- [Dataset section]

┄┄┄┄┄┄┄┄┄┄

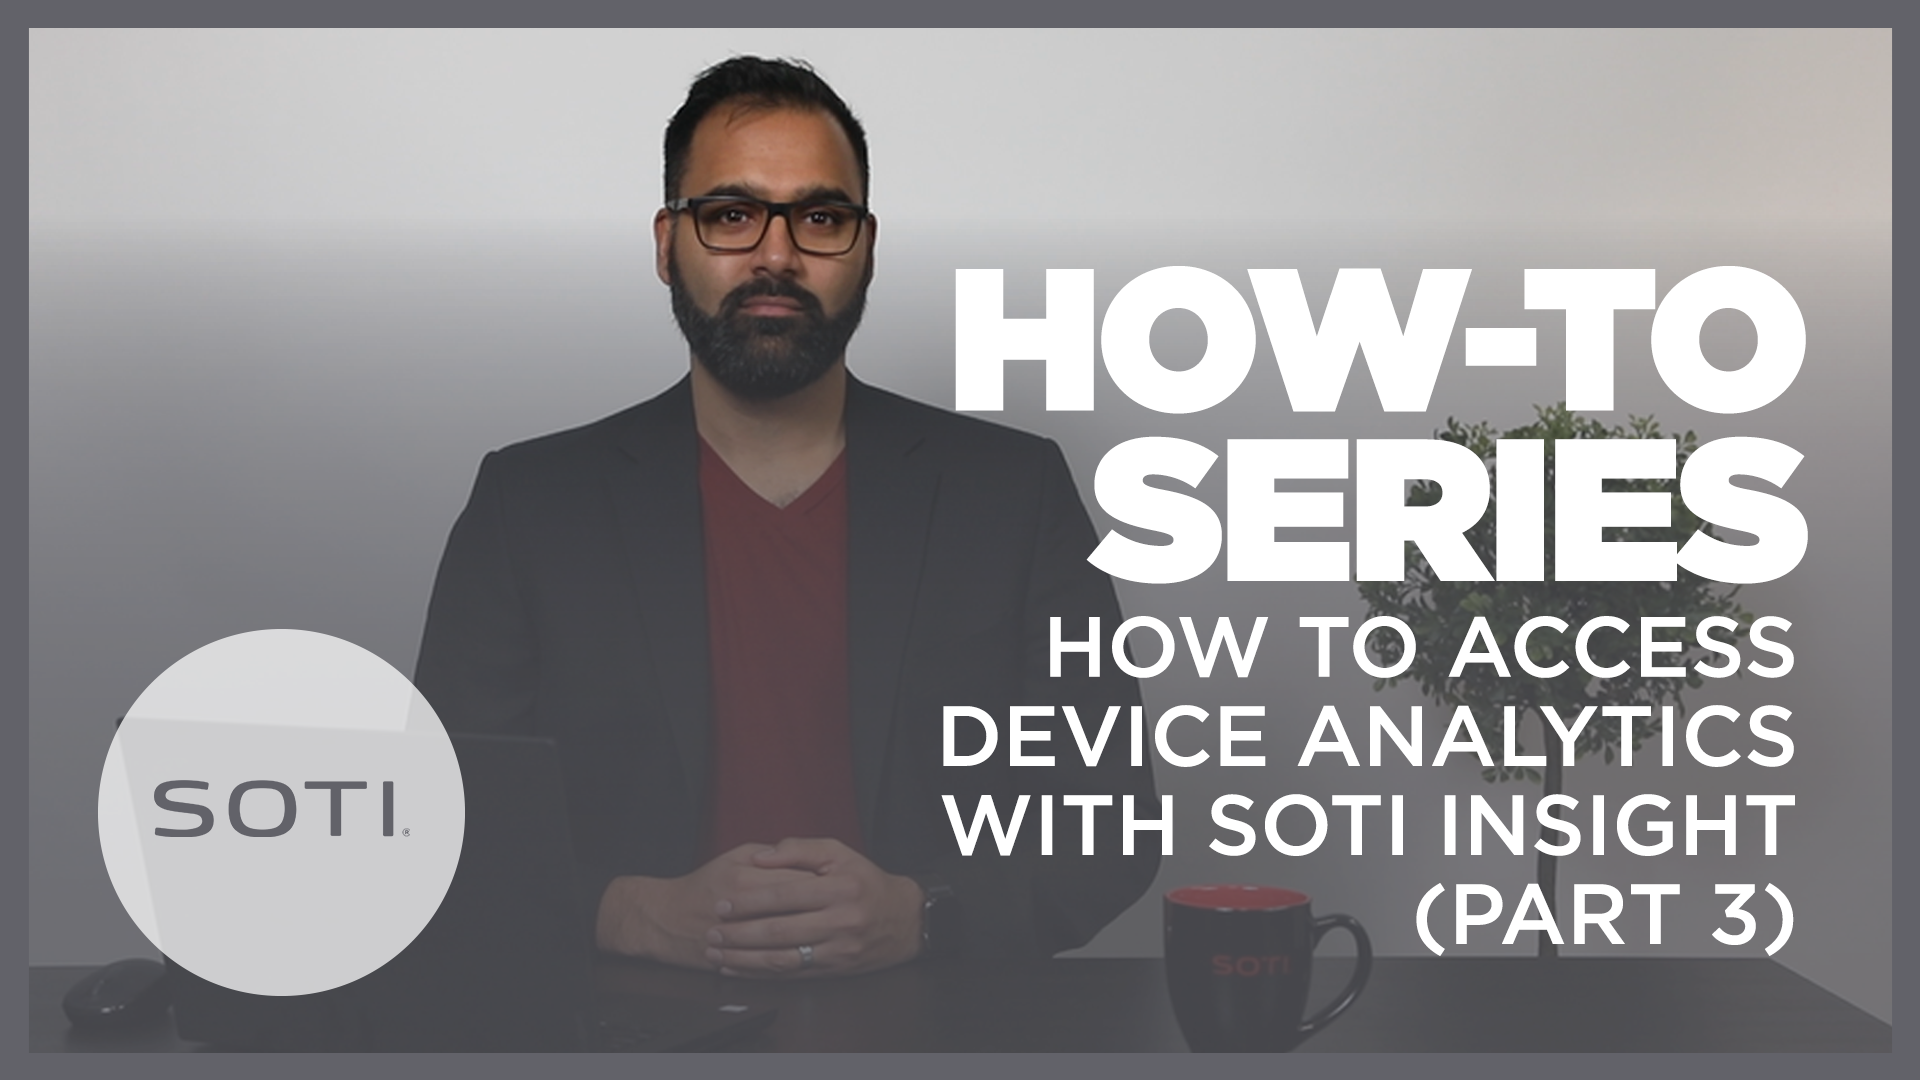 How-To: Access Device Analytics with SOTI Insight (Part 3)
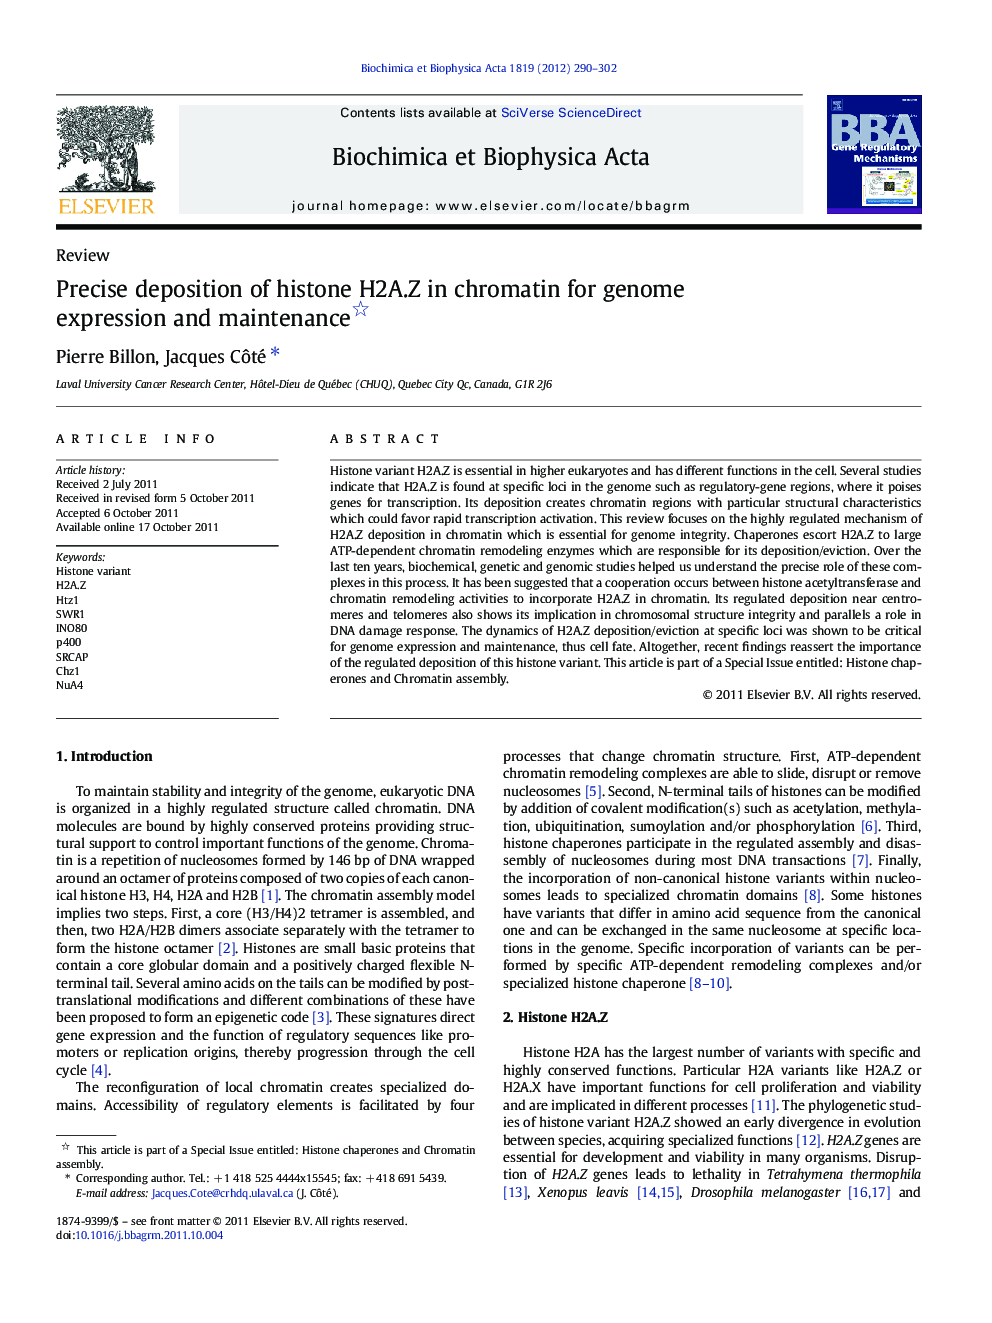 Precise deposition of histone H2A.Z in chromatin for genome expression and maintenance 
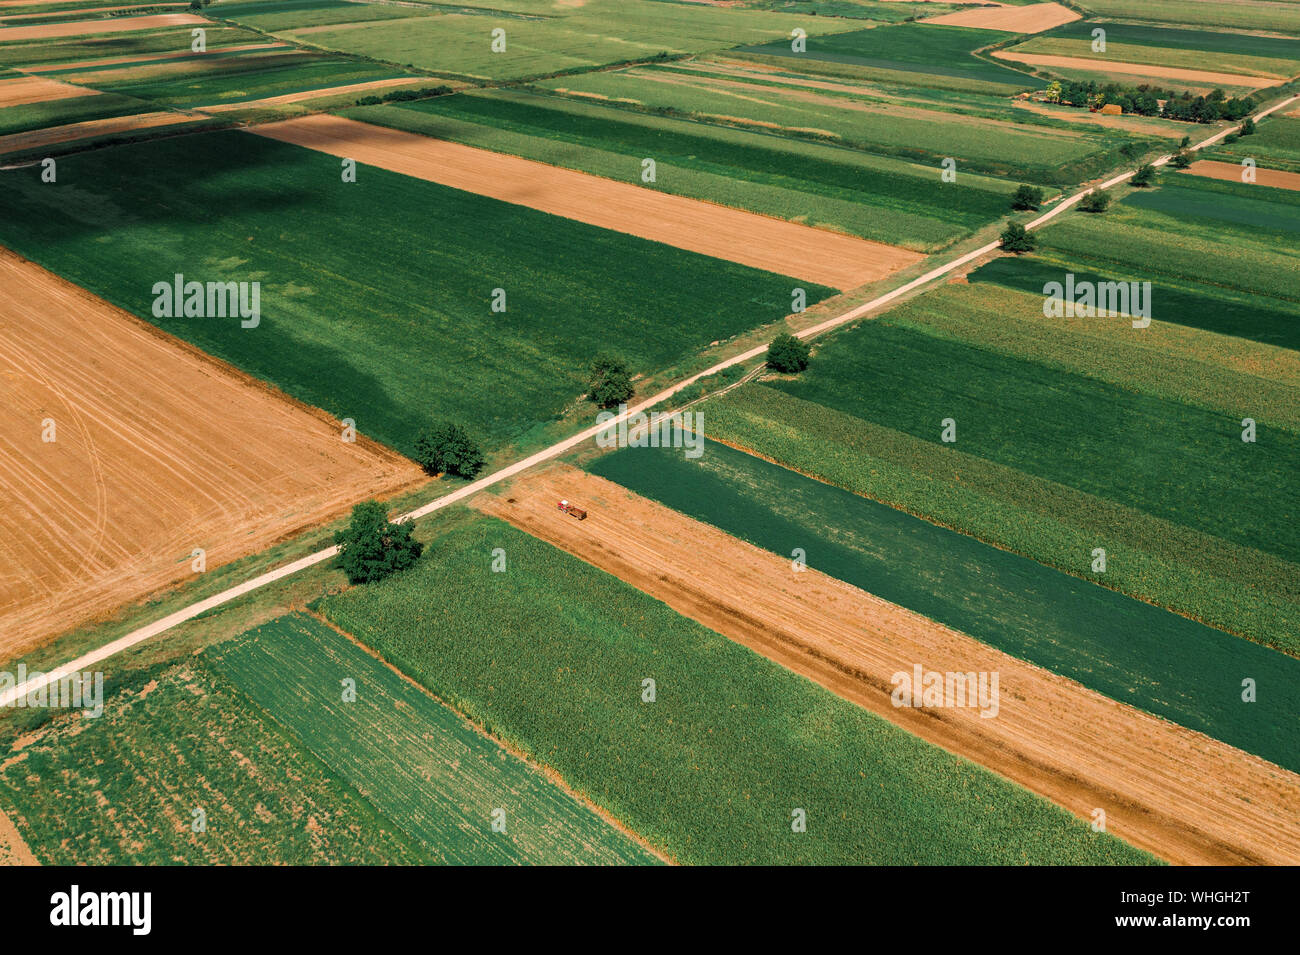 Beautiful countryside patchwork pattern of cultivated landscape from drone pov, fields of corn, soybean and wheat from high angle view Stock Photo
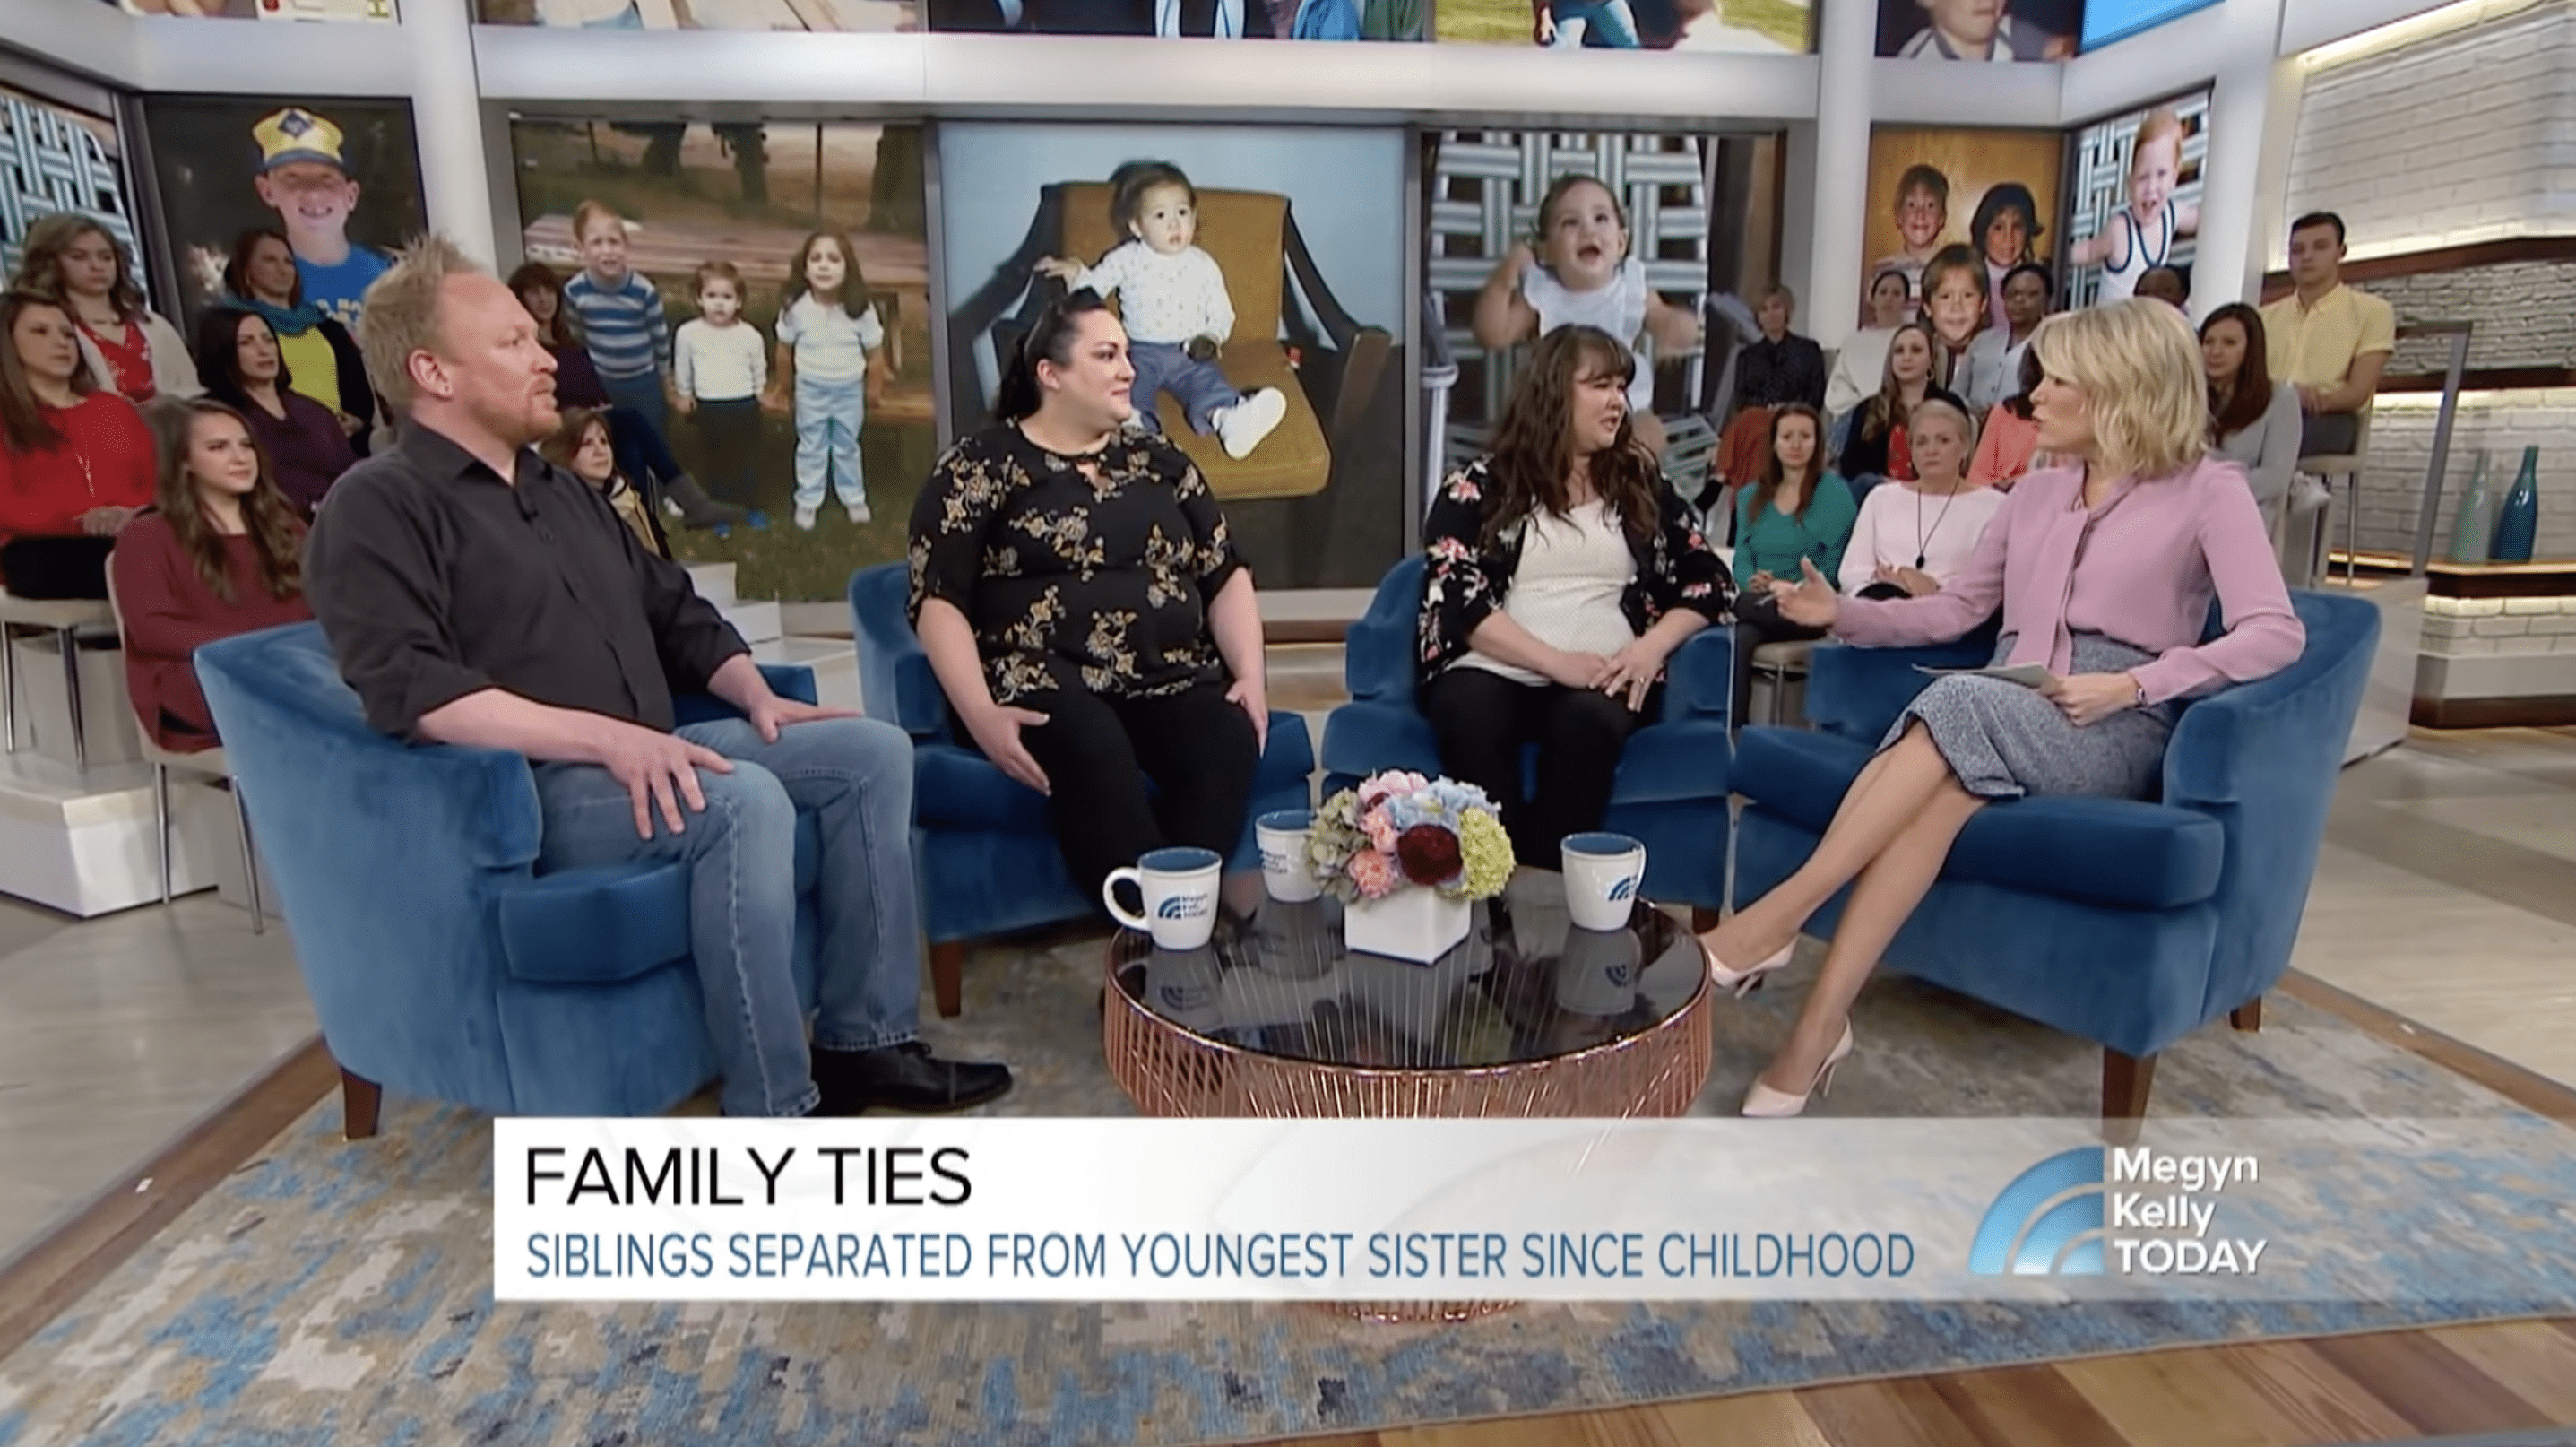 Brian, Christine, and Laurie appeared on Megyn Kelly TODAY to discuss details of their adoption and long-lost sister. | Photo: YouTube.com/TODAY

┄┄┄┄┄┄┄┄┄┄

- [Directions for this task] Output the listing above exactly, excluding all pictures.

- [Problem solution]
 How-To: Access Device Analytics with SOTI Insight (Part 3)
 Precise deposition of histone H2A.Z in chromatin for genome expression and maintenance 
 Beautiful countryside patchwork pattern of cultivated landscape from drone pov, fields of corn, soybean and wheat from high angle view Stock Photo
 Brian, Christine, and Laurie appeared on Megyn Kelly TODAY to discuss details of their adoption and long-lost sister. | Photo: YouTube.com/TODAY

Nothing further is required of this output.